В полиции мне больше делать нечего. Я прошу меня извинить, покидаю здание и возвращаюсь к Дебаркадеру. Полицейские по-прежнему там, осматривают местность вокруг ангара для лодок и никого не пускают в мужской туалет. Я перекидываюсь с ними парой слов, выражаю благодарность, и мне все сочувствуют. Приезжает Напарник, рассказывает, что мать выпила два мартини и немного успокоилась. Мы с ним расходимся, чтобы прочесать дорожки парка еще раз. Солнце садится, тени становятся длиннее. Напарник приносит мне фонарь, и мы продолжаем поиски до глубокой ночи.

В восемь вечера я звоню Джудит, чтобы узнать, как она. Она с родителями ждет у телефона новостей. Я предлагаю приехать и посидеть вместе с ними, но она благодарит и отказывается. У них там друзья, и мне там делать нечего. В этом я не сомневаюсь.

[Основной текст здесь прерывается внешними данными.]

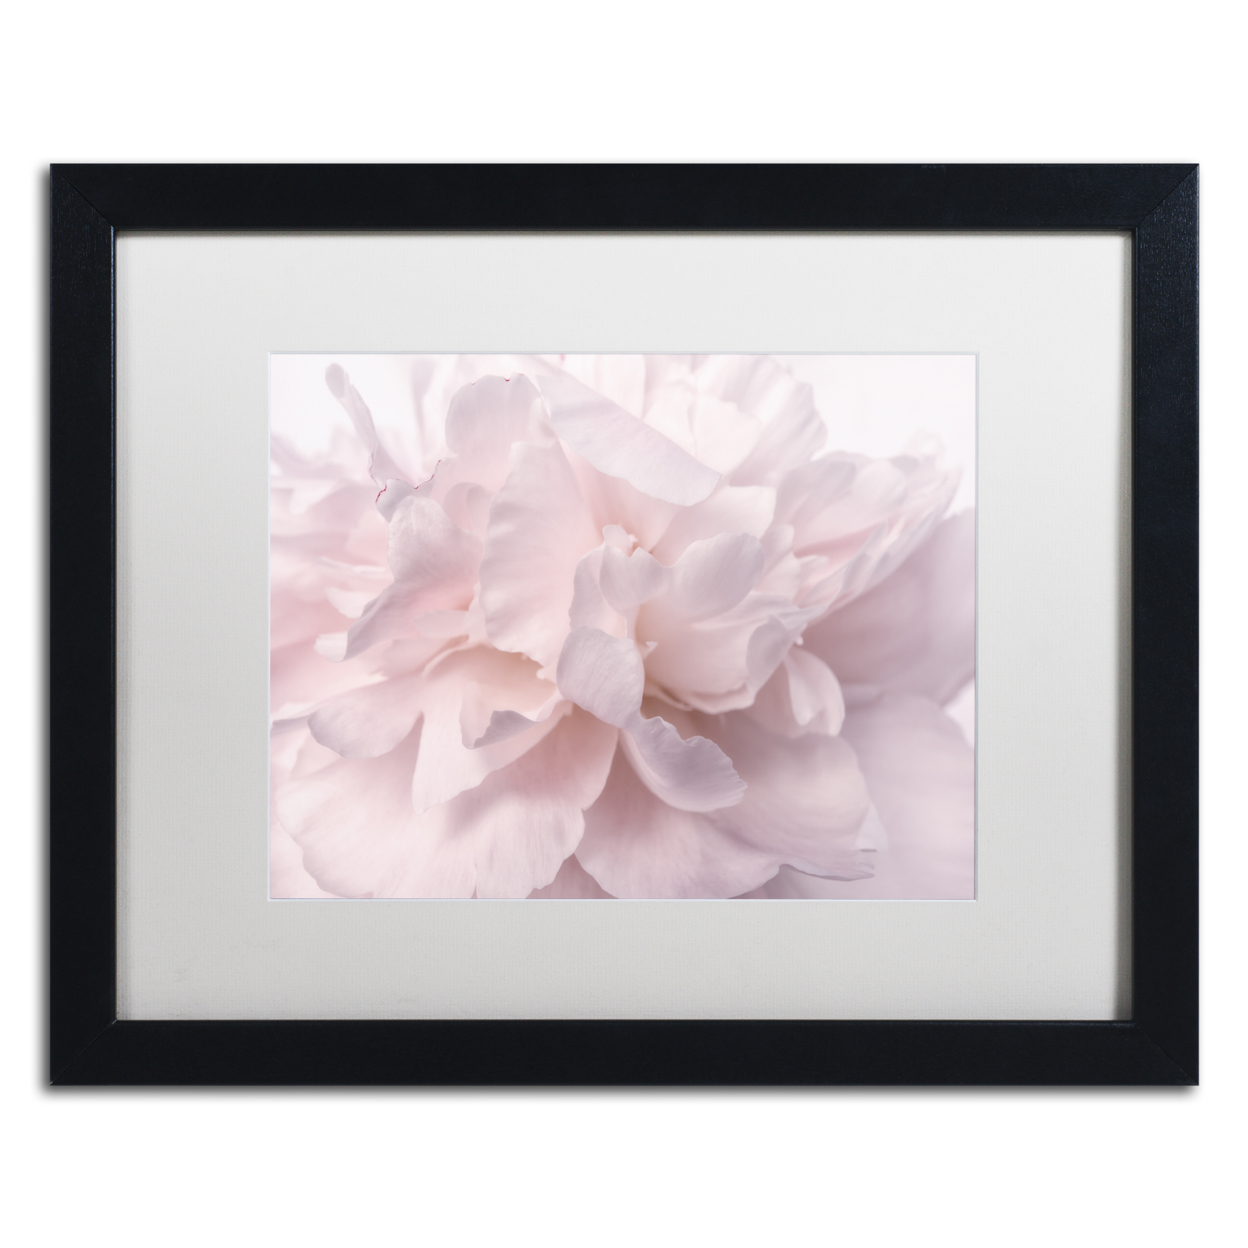 Cora Niele 'Pink Peony Petals II' Black Wooden Framed Art 18 X 22 Inches
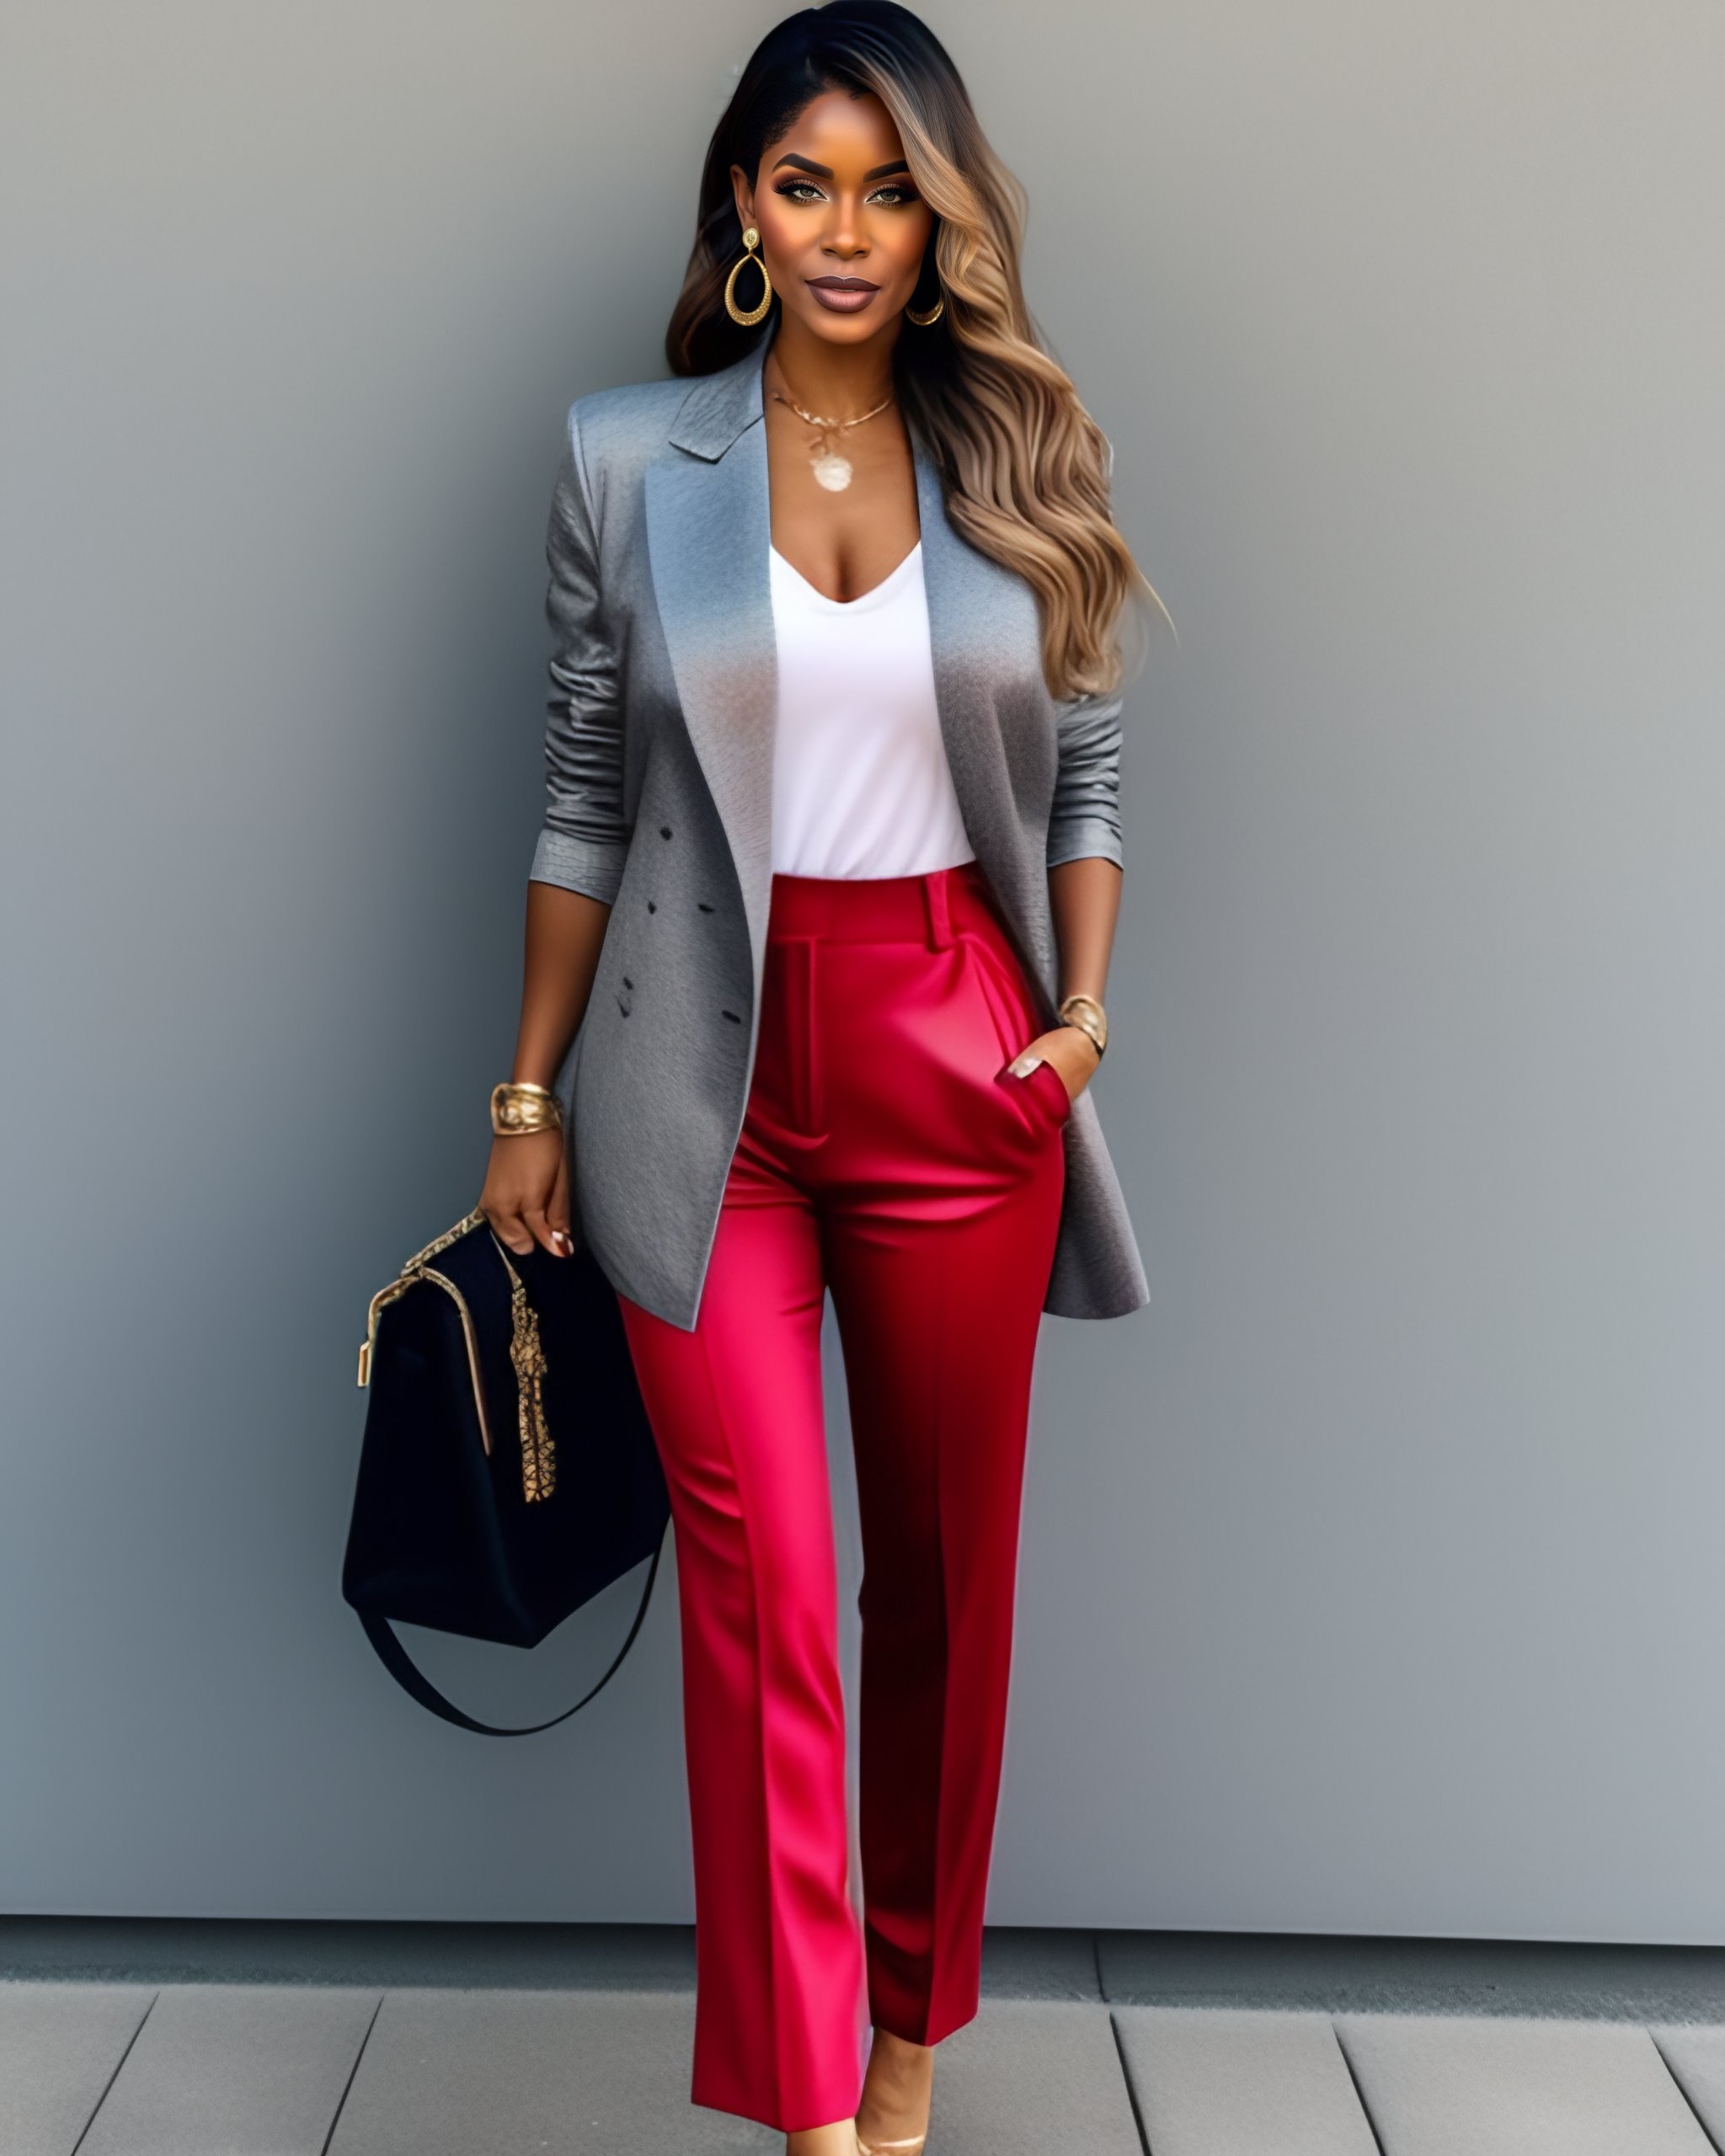 Lexica - A young american woman wearing a large grey blazer, a silver tank  top, high-waisted black trousers, golden earrings, red heels and carrying

Я часами брожу по парку, разглядывая под лучом фонаря каждый мостик, трубу, дерево и насыпь из камней. Это самый ужасный день в моей жизни, и в полночь, когда он заканчивается, я сажусь на скамейку и не могу сдержать слез.

19

C помощью виски и таблетки я засыпаю на диване и просыпаюсь через три часа весь в поту. Я уже не сплю, а кошмар продолжается. Чтобы убить время, я принимаю душ и иду посмотреть, как там мать. Она приняла кучу таблеток и теперь, похоже, пребывает в коме. На рассвете мы с Напарником возвращаемся в парк. Больше нам идти просто некуда. Что мне еще делать? Сидеть у телефона? Он у меня в кармане и в три минуты восьмого подает сигнал. Это Линн Колфакс интересуется, как у меня дела. Я говорю, что нахожусь в парке и продолжаю поиски. Он сообщает, что к ним поступили кое-какие сигналы, но все оказались пустышками. Какие-то психи просто хотели срубить денег по-легкому. Он спрашивает, видел ли я воскресную утреннюю газету. Видел. На первой полосе.

Напарник приносит кексы и кофе, и мы завтракаем на столике для пикника возле пруда, на котором зимой катаются на коньках.

— Ты думал насчет Линка? — спрашивает Напарник.

— Да, но вряд ли.

— Почему нет?

— Не его стиль.

— Да, похоже, ты прав.

Мы снова погружаемся в привычное молчание, что я всегда особенно ценил в наших отношениях. Хотя сегодня собеседник мне бы не помешал. Покончив с едой, мы снова разделяемся. Я опять прохожу по уже знакомым дорожкам и тропинкам, заглядываю под мостики, обхожу бухточки. Около одиннадцати звоню Джудит, но ее сотовый берет мать. Джудит спит, и никто не объявлялся. Полиция сняла ограждение вокруг Дебаркадера, и там теперь все, как обычно. Кругом снова полно людей, уже явно выкинувших вчерашний кошмар из головы. Я наблюдаю за мальчишками, запускающими гоночные катера. Стою на том самом месте, откуда вчера видел Старчера в последний раз. На сердце наваливается такая тяжесть, что я вынужден уйти.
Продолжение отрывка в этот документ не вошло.